Flow Assurance

During production and transportation of hydrocarbon, especially in cases of extreme temperatures and pressures, it is possible that methane gas hydrates crystallize or asphaltenes precipitate in the pipeline. If not properly controlled, the hydrate crystals, asphaltene, or wax particles may precipitate and agglomerate to the point of plugging the pipeline. Removal of a hydrate or asphaltene plug in a subsea pipeline can be very expensive and dangerous.  Hence, knowledge of fluid properties and operating conditions is critical to preventing formation and deposition of undesired solids. Flow assurance is an engineering analysis process of developing design and operating guidelines for the control of solids deposition such as hydrates, wax, and asphaltenes in subsea systems. Depending on the characteristics of the hydrocarbons fluids to be produced, corrosion, scale deposition, and erosion may also be considered in the flow assurance process.

In a nutshell, flow assurance consists of the design, strategies, and principles for ensuring that there is uninterrupted hydrocarbon production flowing from the reservoir to the point of sale.

Aspects of the Flow Assurance Process

  1. Fluid characterization and flow property assessments.

The validity of the flow assurance process is dependent on careful analyses of samples from the wellbores. In the absence of samples, an analogous fluid, such as one from a nearby well in production, may be used. However, this entails significant risks because fluid properties may vary widely, even within the same reservoir. The key fluid analyses for the sampled fluid are PVT (Pressure Volume Temperature) properties such as phase composition, GOR (gas/oil ratio), and bubble point; wax properties such as cloud point, pour point; and asphaltene stability.

  1. Steady-state hydraulic and thermal performance analyses.

The steady-state flowline model can be generated with software such as PIPESIM or HYSYS. Steady-state modeling has several objectives:

  • To determine the relationship between flow rate and pressure drop along the flowline. The flowline size is decided based on the maximum allowable flow rate and the minimum allowable flow rate.
  • To check temperature and pressure distributions along flowlines in a steady-state condition to ensure that the flowline never enters the hydrate-forming region during steady-state operation.
  • To choose an insulation combination that prevents the temperature at the riser base of a tie-back subsea system from falling below the minimum value for cooldown at the maximum range of production rates.
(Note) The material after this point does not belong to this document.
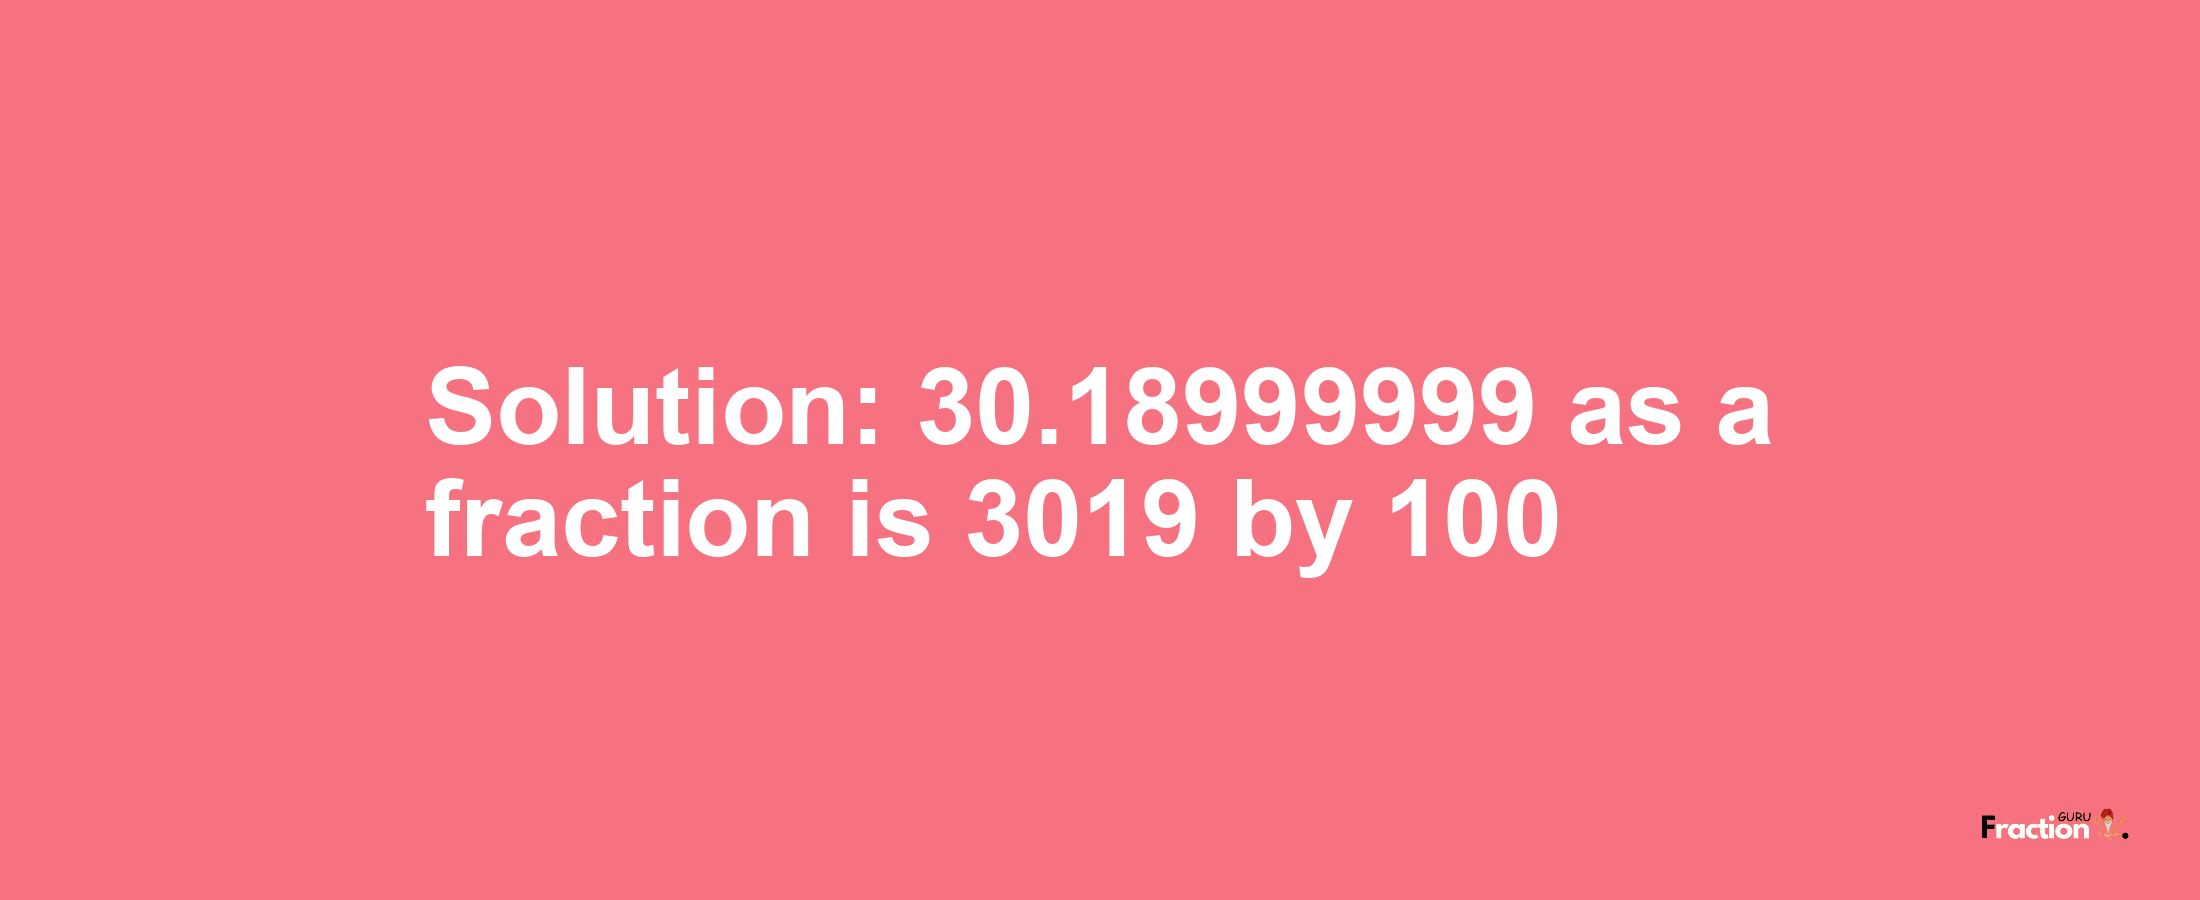 Solution:30.18999999 as a fraction is 3019/100

The riser base temperature is determined as a function of flow rate and the combined wellbore/flowline insulation system.
  • To determine the maximum flow rate in the system to ensure that arrival temperatures do not exceed any upper limits set by the separation and dehydration processes or by the equipment design.
  1. Transient flow hydraulic and thermal performance analyses.

Transient flowline system models can be constructed with software packages such as OLGA and ProFES. Transient flowline analyses generally include the following scenarios:

  • Start-up and shutdown.
  • Emergent interruptions.
  • Blowdown and warm-up.
  • Ramp up/down.
  • Oil displacement.
  • Pigging/slugging.

During these scenarios, fluid temperatures in the system must exceed the hydrate dissociation temperature corresponding to the pressure at every location; otherwise, a combination of an insulated pipeline and the injection of chemical inhibitors into the fluid must be simulated in the transient processes to prevent hydrate formation.

At PetroPlat we render Flow Assurance Service to both Brownfield and Greenfield plants/facilities.

In Greenfield operations, if there is no proper viability study of a potential discovery, particularly in a Deepwater site, the flow of hydrocarbon can remain uncertain until it’s too late to prevent recurrent issues. Our properly integrated flow assurance plan includes a full risk assessment, which covers:

  • The modelling of multiphase flows and temperature changes.
  • The projection of hydrate, wax, asphaltene, scale, and emulsion formation.
  • The interface with other operational processes.